**TASK MATERIAL**
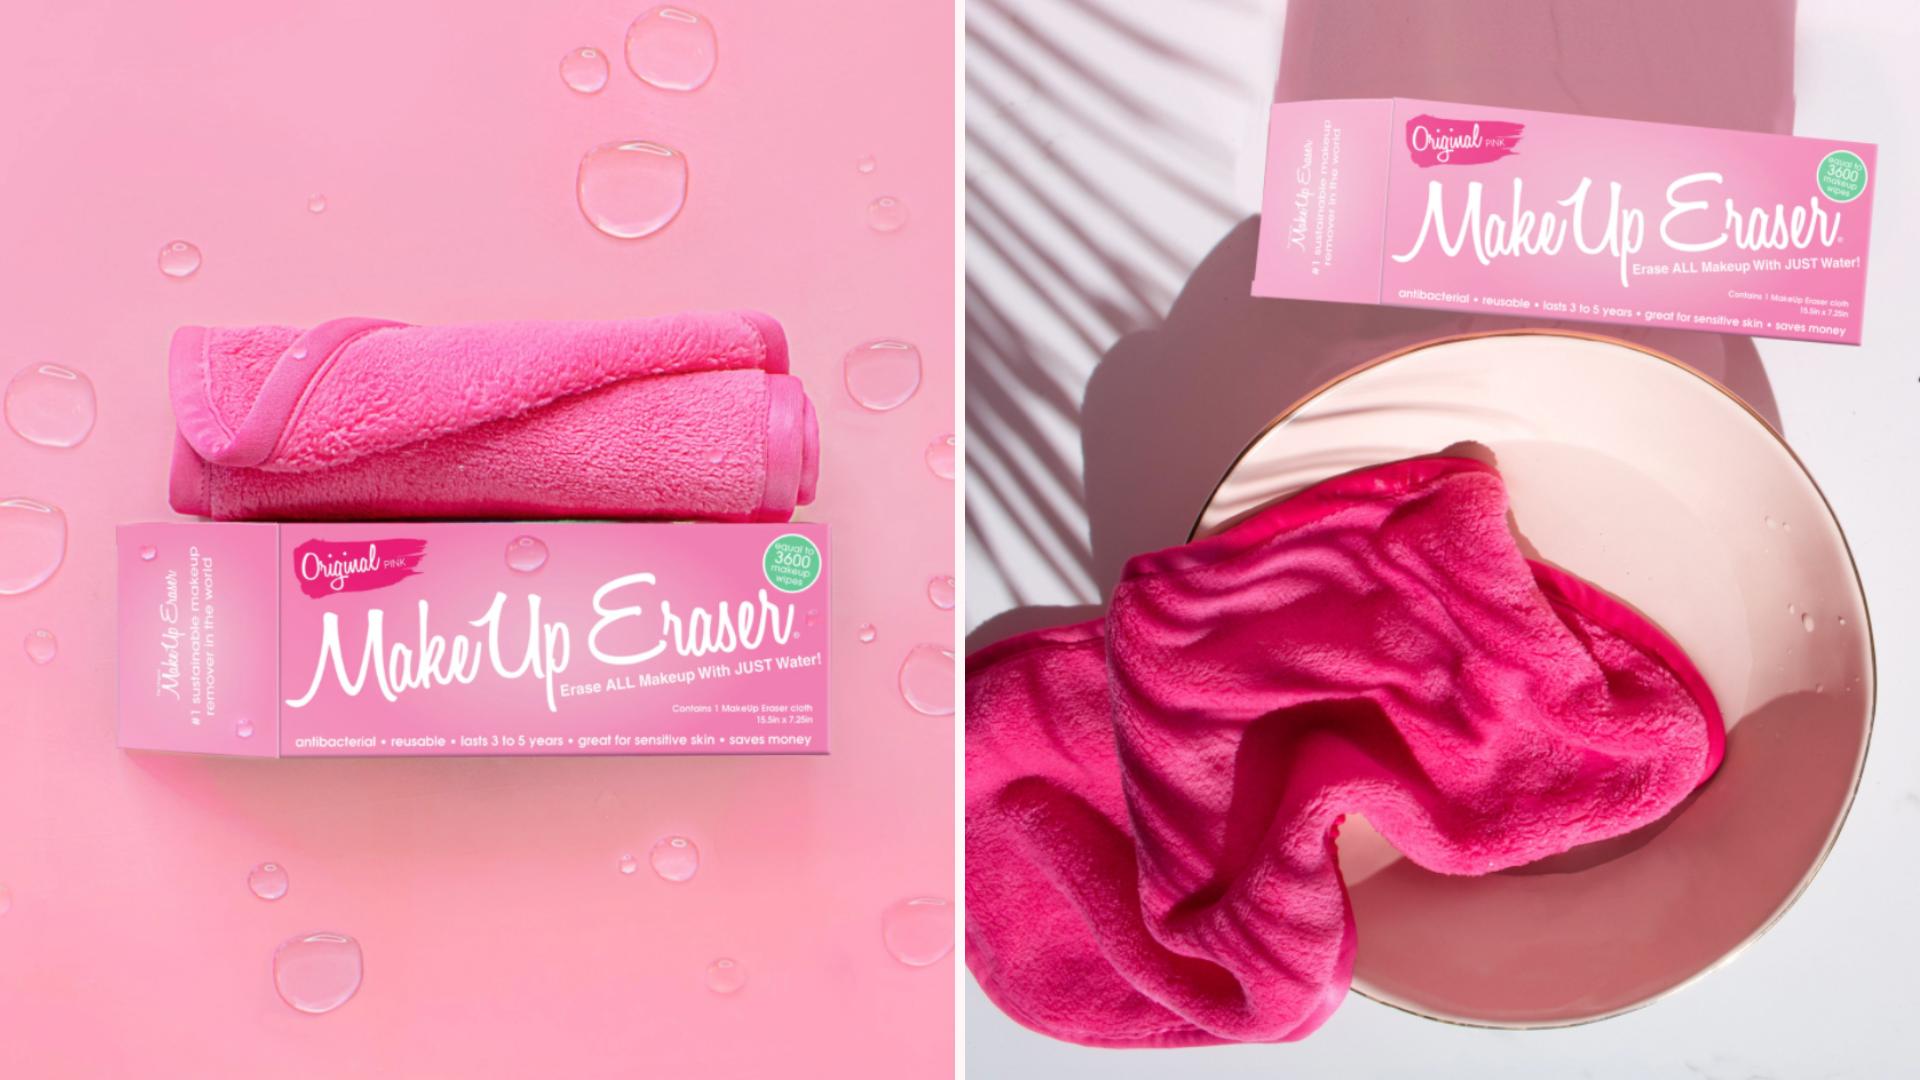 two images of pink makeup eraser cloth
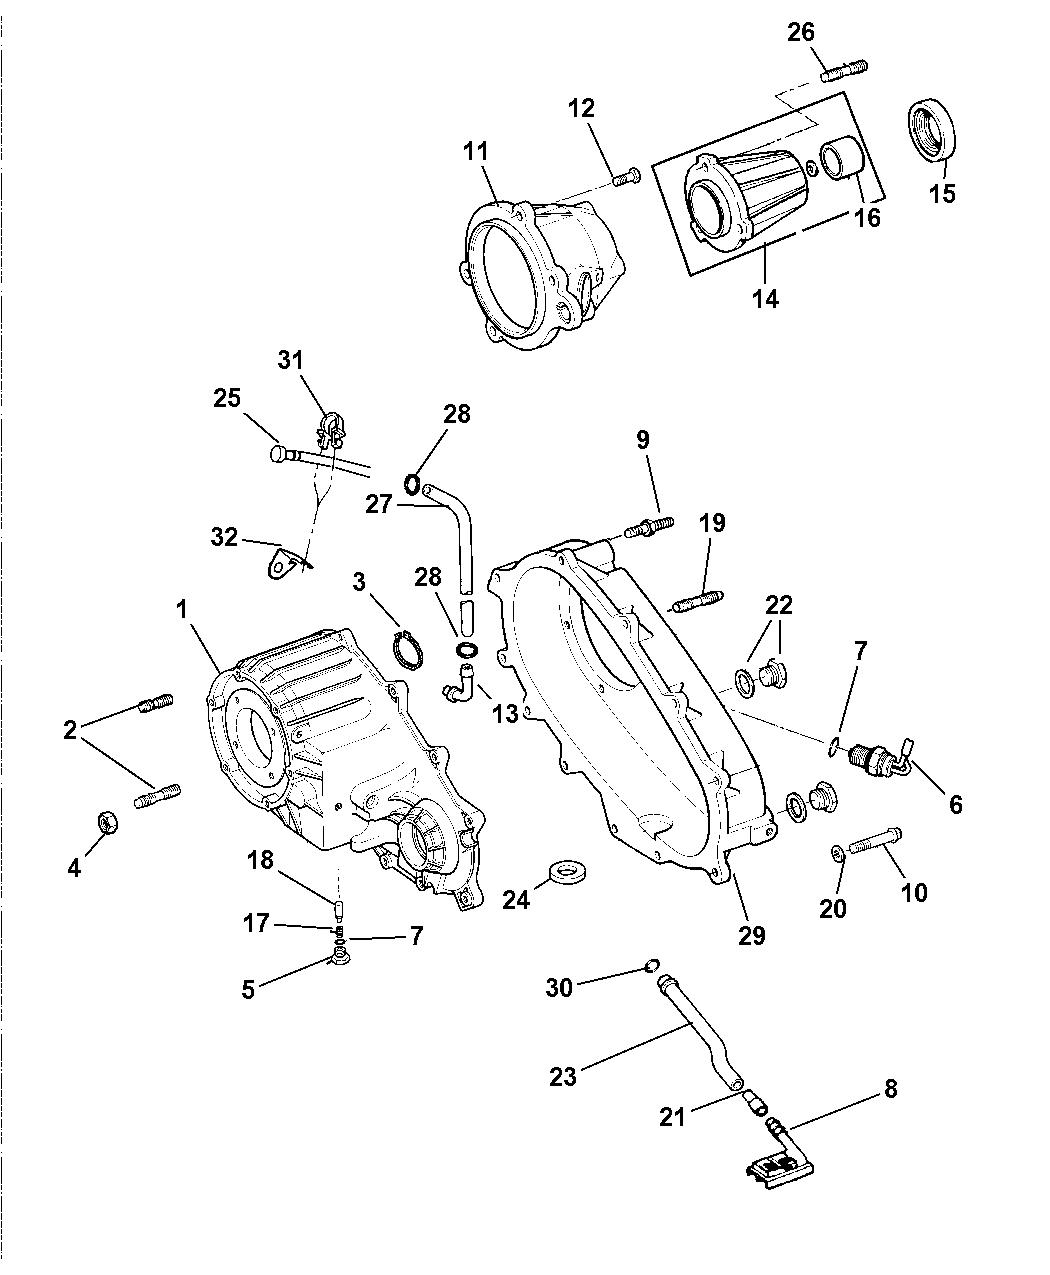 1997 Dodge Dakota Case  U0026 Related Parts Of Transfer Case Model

* * *

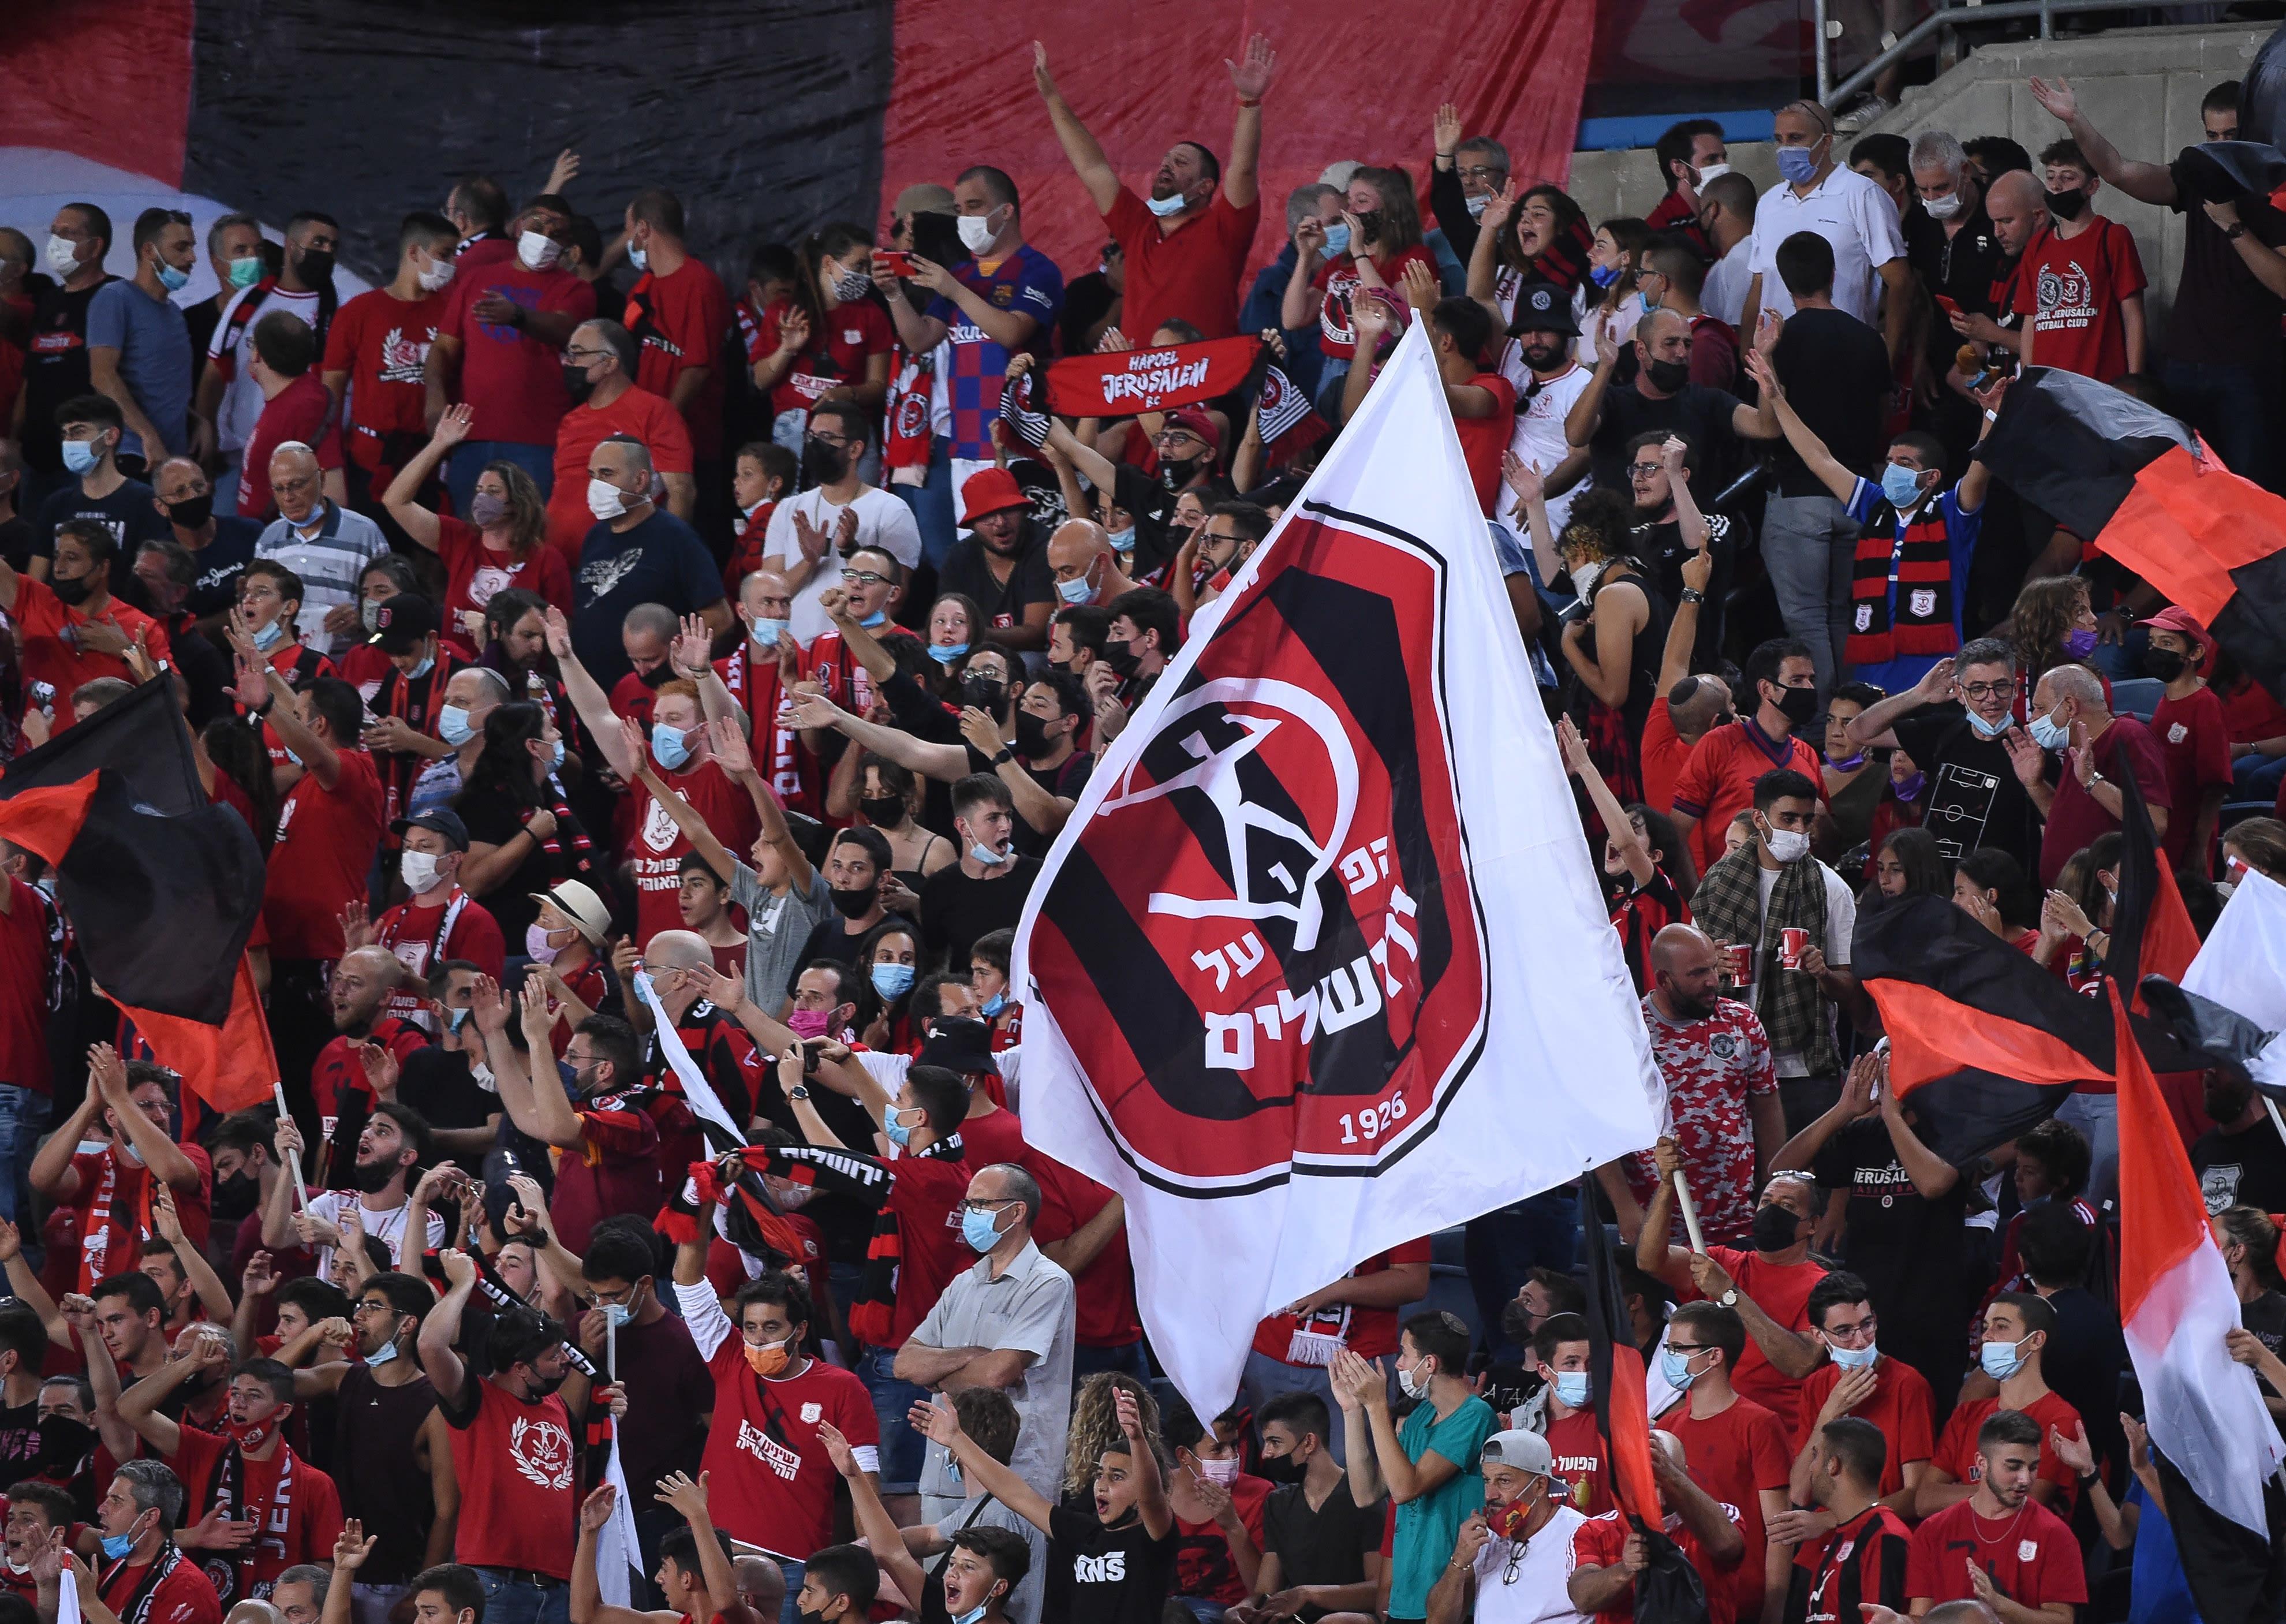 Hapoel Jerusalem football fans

**PROBLEM TO SOLVE**
The stretch above running from the line with "two images of pink makeup eraser cloth" through the line with "1997 Dodge Dakota" is all you should copy, exactly, leaving out the pictures.

**RESPONSE TO THIS EXERCISE**
 two images of pink makeup eraser cloth
 1997 Dodge Dakota Case  U0026 Related Parts Of Transfer Case Model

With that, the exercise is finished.